If the measures of two interior angles of a polygon are 120 degrees and 40 degrees and the sum of the rest of the angle measures is 380 degrees, find the number of sides.

We’ve been given the measures of two of the interior angles of a polygon and the sum of the measures of the remaining angles. Using this information, we need to work out how many sides the polygon has.

To do this, we need to recall that there is a general formula for the sum of the interior angles in any polygon. The sum of the interior angle measures in an 𝑛-sided polygon, which we denote as 𝑆 sub 𝑛, is equal to 𝑛 minus two multiplied by 180 degrees. This is derived from the fact that an 𝑛-sided polygon can be divided into 𝑛 minus two triangles. And as the sum of the interior angles in a triangle is 180 degrees, the sum of the interior angles in the polygon is 𝑛 minus two multiplied by 180 degrees.

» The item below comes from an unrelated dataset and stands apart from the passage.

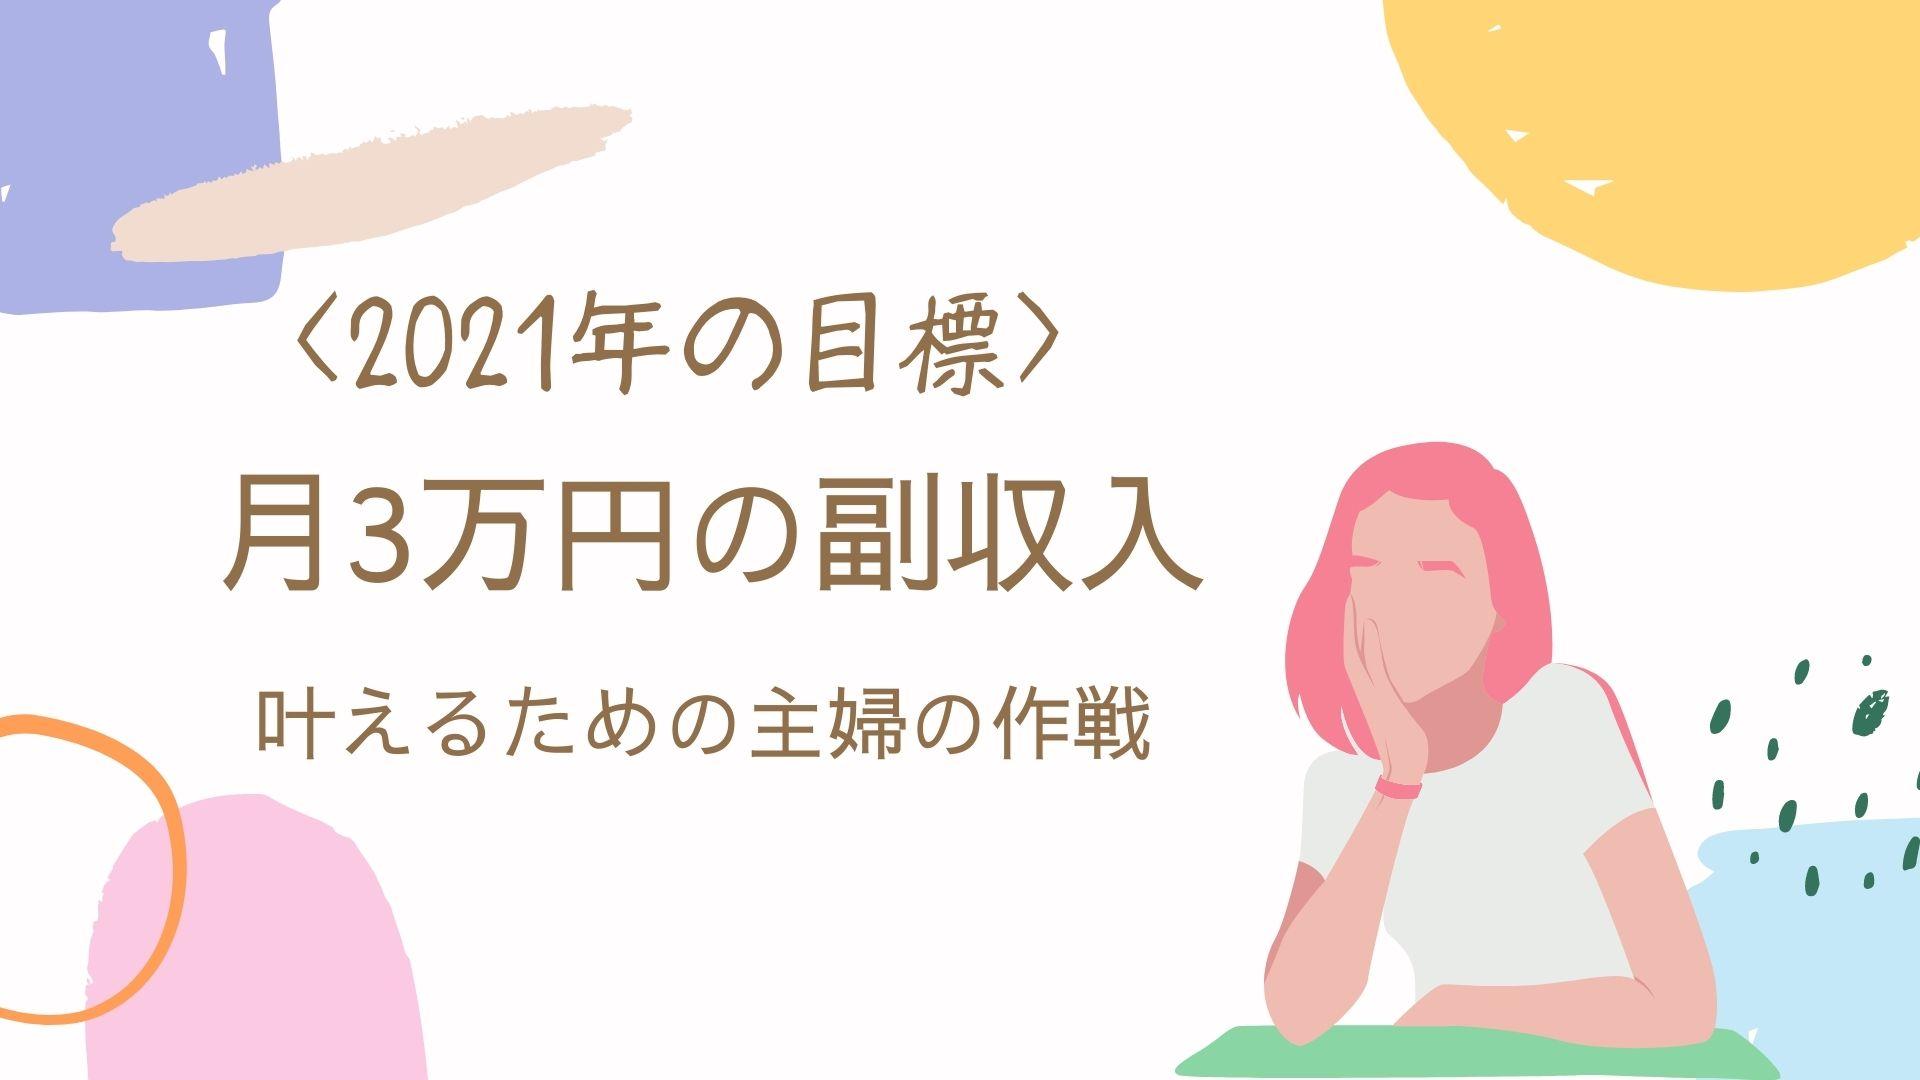 主婦必見。2021年主婦が月3万円の副収入を得るために立てた目標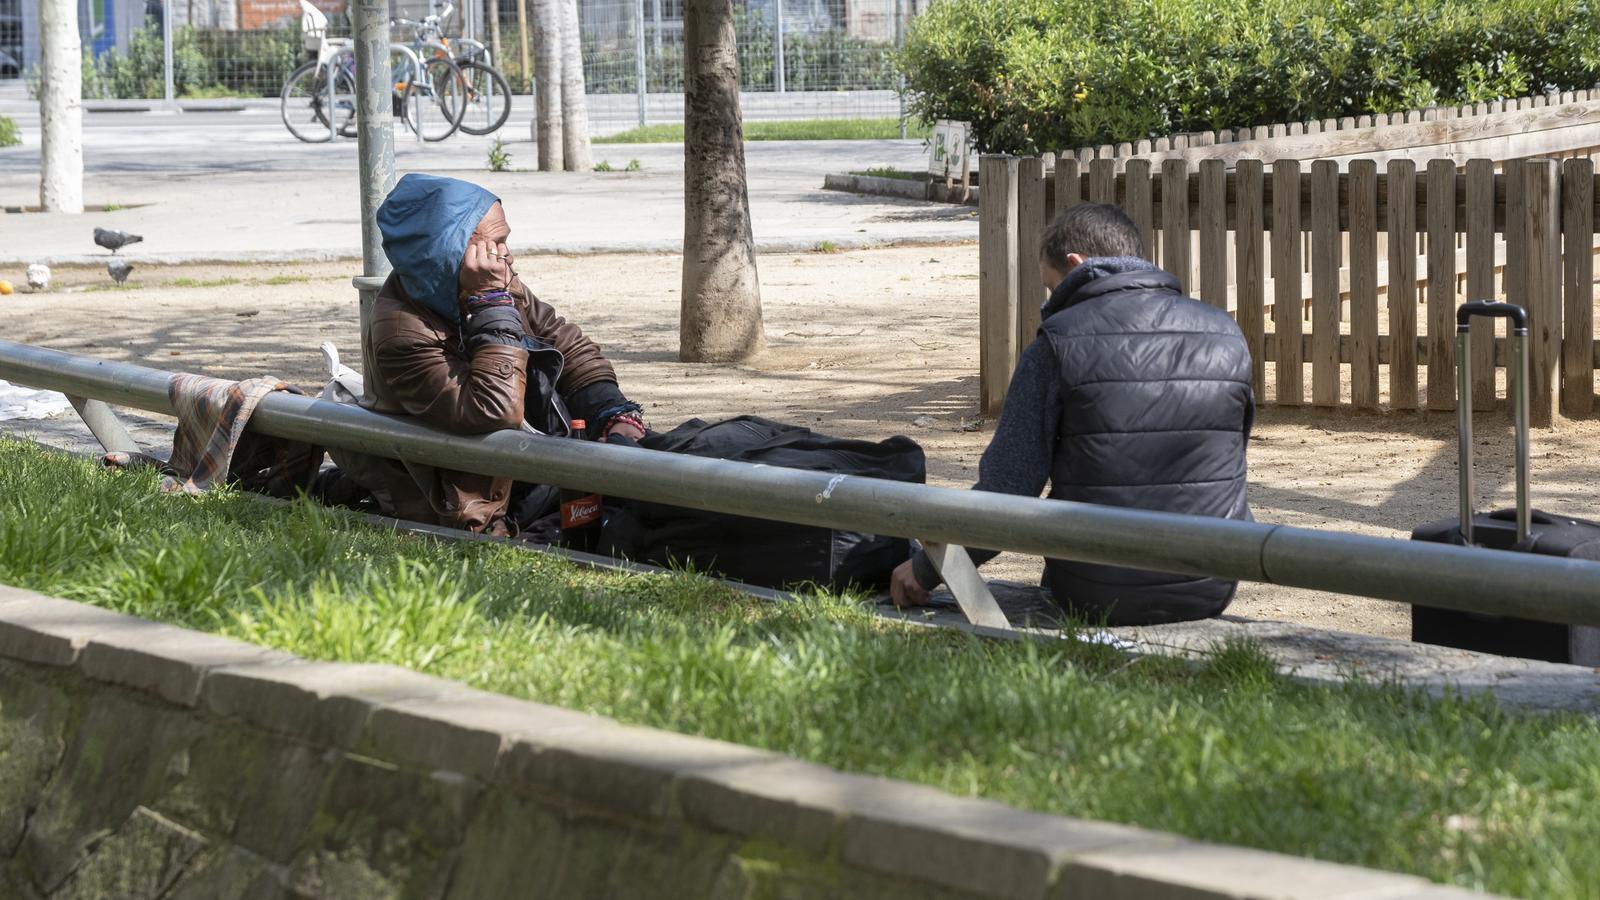 Arrels ja ha comptabilitzat més d'una desena de denúncies a persones sense llar per no estar confinades

We can calculate the sum of the interior angles in this polygon by summing the two individual angle measures and the sum of the remaining angle measures to give 540 degrees. We can then form an equation by equating this value with the expression in the formula we already wrote down. And as both sides are measured in degrees, we don’t need to include the units. We have 𝑛 minus two multiplied by 180 equals 540. To solve this equation for 𝑛, we begin by dividing both sides by 180 to give 𝑛 minus two is equal to three. Finally, we can add two to each side of the equation to give 𝑛 equals five.

Using the general formula for the sum of the interior angle measures in an 𝑛-sided polygon, we’ve found that this polygon has five sides.